Guest Column: Is William Charles special?

By Nichole Larison Sammon
Fox Ridge Subdivision resident

Winnebago County Board member Angie Goral (D-7) stated in the daily Oct. 12 regarding her voting for the special-use permit for William Charles’ proposed asphalt plant in its East State Street quarry that, “If it was in my back yard, I’d probably have an issue, too, but we have to take out the emotional part and really look at what the project involves.” From this statement, it appears Goral doesn’t want it in her back yard, but it is OK to be placed in yours.

In the same article, she stated, “Every time we bid a project, if that company has to go 20 miles to get asphalt or concrete, it’s costing taxpayers’ dollars.”

Goral’s taxpayer dollar argument doesn’t hold water. William Charles is looking to move one of their four asphalt plants from the upper middle of the county to the farthest east edge of Winnebago County. In fact, the quarry William Charles has chosen is split right in the middle by the Winnebago and Boone County lines. If, for example, a job was needed in downtown Rockford, the asphalt from Nimtz Quarry would be closer to the job than the East State Street quarry. If a job was needed on the far west side of Winnebago County, the asphalt from Nimtz Quarry would be miles closer than asphalt from the East State Street quarry. Goral’s statement refers to a 20-mile delivery. Since Winnebago County is only 21 miles wide, the only way the asphalt would travel 20 miles for a job in Winnebago County is if, in fact, it was moved to the East State Street quarry.

I am concerned about taxpayer dollars, Winnebago County tax dollars, and I would like the asphalt plant to stay in a location more strategic for delivery costs within Winnebago County, the Nimtz quarry. The only people who would benefit from the asphalt plant moving to the farthest point in Winnebago County would, in fact, be William Charles.

65XX Rock Valley Pkwy. — tax due $28.46

As far as tax dollars, William Charles or Winnebago County has found many creative ways to limit property taxes to Winnebago County. Let’s look at just a few properties, for example. In information obtained from the Rockford Township Property Search, found on the internet, William Charles purchased property in May 1997 located at 65XX (sic) Rock Valley Pkwy. for $1,626,748. That property, according to the Winnebago County Treasurer’s online records, Parcel No. 12-02-251-001 now has a Fair Market Value of $966 and the TOTAL TAX DUE on this property is $28.46 and the Land Use is “Commercial Preferential.”

5731 Charles St. — taxed single family

Another property located at 5731 Charles St. Parcel No. 12-33-401-001, Land Use “Improved Industrial” is being taxed as a “single family,” which just happens to have a gravel quarry and a monopole cell tower in the back yard. This aforementioned property just happens to be the Mulford/Harrison quarry, which is currently in litigation with the City of Rockford over the last special-use permit William Charles applied for.

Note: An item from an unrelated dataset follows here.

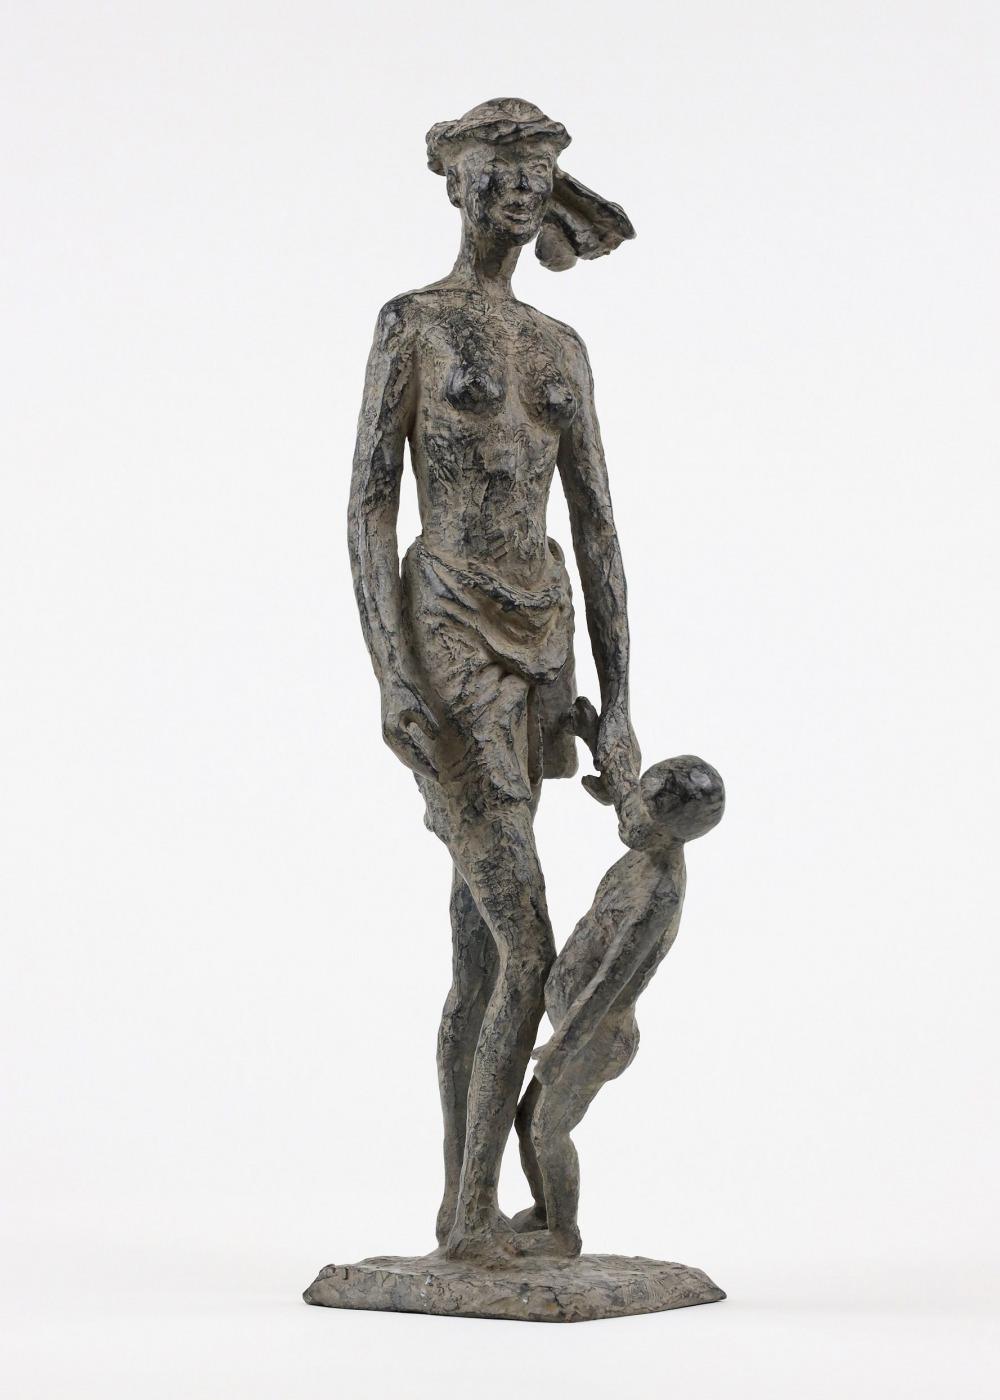 All the time in the world ist eine Bronzeskulptur der französischen zeitgenössischen Künstlerin Marine de Soos mit den Maßen 40 × 17 × 12 cm (15,7 × 6,7 × 4,7 in). 
Die Skulptur ist signiert und nummeriert, gehört zu einer limitierten Auflage von 8

5300 Nimtz Road — tax due $44,306.28

William Charles states that they are going to close the Nimtz Quarry located at 5300 Nimtz Road in Loves Park. The total tax bill for parcel Nos. 08-33-326-005 and 08-33-401-002 is $44,306.28.

East State Street Quarry — $17,739.76

The East State Street quarry, parcel nos. 12-24-276-001, 12-24-226-002, and 12-24-226-003, have a total tax bill of $17,739.76. Is this one of the real reasons they want to operate an asphalt plant at the East State Street quarry and close the one on Nimtz Road?

Our property values continue to depreciate, yet our property taxes stay inflated. As shown by many facts found in our public databases, there is no “benefit” to the taxpayers of Winnebago County for this asphalt plant to be placed in the East State Street quarry.

The effects on adjacent property

Even with the arguments that this will not benefit Winnebago County, the only thing that should be considered for a special-use permit, according to Winnebago County Ordinance, our laws, is the effect of such use on the adjacent property; the neighbors of the special use. Please read the ordinance yourself. Call your Winnebago County Board member and ask them to re-read the Zoning Ordinance for special-use permits. Ask them to understand it before they vote.

We are a country of laws. I am asking as a resident of this county, for the Winnebago County Board to follow those laws. If you support only this point, please come to the Oct. 27 Winnebago County Board meeting and show your support.